## Problem details
Would you please restate all of the data exactly?

------------------------------------

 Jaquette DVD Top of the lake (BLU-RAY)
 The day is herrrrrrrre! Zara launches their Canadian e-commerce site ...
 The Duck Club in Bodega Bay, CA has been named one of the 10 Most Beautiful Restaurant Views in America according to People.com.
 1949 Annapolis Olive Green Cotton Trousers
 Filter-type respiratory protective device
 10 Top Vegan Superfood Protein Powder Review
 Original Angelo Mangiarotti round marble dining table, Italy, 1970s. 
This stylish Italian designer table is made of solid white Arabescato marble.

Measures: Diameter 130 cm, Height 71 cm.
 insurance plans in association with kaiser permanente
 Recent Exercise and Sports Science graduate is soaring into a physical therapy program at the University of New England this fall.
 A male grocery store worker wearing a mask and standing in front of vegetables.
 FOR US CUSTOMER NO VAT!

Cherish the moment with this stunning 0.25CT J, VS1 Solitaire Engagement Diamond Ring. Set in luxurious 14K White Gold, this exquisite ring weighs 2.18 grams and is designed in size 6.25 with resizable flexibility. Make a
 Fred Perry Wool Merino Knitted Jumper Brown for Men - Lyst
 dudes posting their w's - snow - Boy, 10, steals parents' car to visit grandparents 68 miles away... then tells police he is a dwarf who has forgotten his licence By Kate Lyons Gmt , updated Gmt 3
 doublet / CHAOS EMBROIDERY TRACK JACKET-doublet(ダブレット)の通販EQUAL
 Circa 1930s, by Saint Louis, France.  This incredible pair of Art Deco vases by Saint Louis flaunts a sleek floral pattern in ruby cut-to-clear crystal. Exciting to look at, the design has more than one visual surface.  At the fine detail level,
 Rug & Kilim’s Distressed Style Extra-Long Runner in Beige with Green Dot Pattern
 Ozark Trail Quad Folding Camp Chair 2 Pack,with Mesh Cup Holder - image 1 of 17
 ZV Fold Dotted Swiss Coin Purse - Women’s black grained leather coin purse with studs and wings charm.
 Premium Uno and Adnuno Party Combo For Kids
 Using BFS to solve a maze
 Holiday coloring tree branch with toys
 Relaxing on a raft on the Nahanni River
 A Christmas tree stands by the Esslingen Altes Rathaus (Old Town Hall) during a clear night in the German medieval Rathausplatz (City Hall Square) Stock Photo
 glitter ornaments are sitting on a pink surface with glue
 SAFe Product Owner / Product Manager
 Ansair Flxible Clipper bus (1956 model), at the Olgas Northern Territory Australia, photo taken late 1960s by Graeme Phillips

------------------------------------

## Answer box
 Jaquette DVD Top of the lake (BLU-RAY)
 The day is herrrrrrrre! Zara launches their Canadian e-commerce site ...
 The Duck Club in Bodega Bay, CA has been named one of the 10 Most Beautiful Restaurant Views in America according to People.com.
 1949 Annapolis Olive Green Cotton Trousers
 Filter-type respiratory protective device
 10 Top Vegan Superfood Protein Powder Review
 Original Angelo Mangiarotti round marble dining table, Italy, 1970s. 
This stylish Italian designer table is made of solid white Arabescato marble.

Measures: Diameter 130 cm, Height 71 cm.
 insurance plans in association with kaiser permanente
 Recent Exercise and Sports Science graduate is soaring into a physical therapy program at the University of New England this fall.
 A male grocery store worker wearing a mask and standing in front of vegetables.
 FOR US CUSTOMER NO VAT!

Cherish the moment with this stunning 0.25CT J, VS1 Solitaire Engagement Diamond Ring. Set in luxurious 14K White Gold, this exquisite ring weighs 2.18 grams and is designed in size 6.25 with resizable flexibility. Make a
 Fred Perry Wool Merino Knitted Jumper Brown for Men - Lyst
 dudes posting their w's - snow - Boy, 10, steals parents' car to visit grandparents 68 miles away... then tells police he is a dwarf who has forgotten his licence By Kate Lyons Gmt , updated Gmt 3
 doublet / CHAOS EMBROIDERY TRACK JACKET-doublet(ダブレット)の通販EQUAL
 Circa 1930s, by Saint Louis, France.  This incredible pair of Art Deco vases by Saint Louis flaunts a sleek floral pattern in ruby cut-to-clear crystal. Exciting to look at, the design has more than one visual surface.  At the fine detail level,
 Rug & Kilim’s Distressed Style Extra-Long Runner in Beige with Green Dot Pattern
 Ozark Trail Quad Folding Camp Chair 2 Pack,with Mesh Cup Holder - image 1 of 17
 ZV Fold Dotted Swiss Coin Purse - Women’s black grained leather coin purse with studs and wings charm.
 Premium Uno and Adnuno Party Combo For Kids
 Using BFS to solve a maze
 Holiday coloring tree branch with toys
 Relaxing on a raft on the Nahanni River
 A Christmas tree stands by the Esslingen Altes Rathaus (Old Town Hall) during a clear night in the German medieval Rathausplatz (City Hall Square) Stock Photo
 glitter ornaments are sitting on a pink surface with glue
 SAFe Product Owner / Product Manager
 Ansair Flxible Clipper bus (1956 model), at the Olgas Northern Territory Australia, photo taken late 1960s by Graeme Phillips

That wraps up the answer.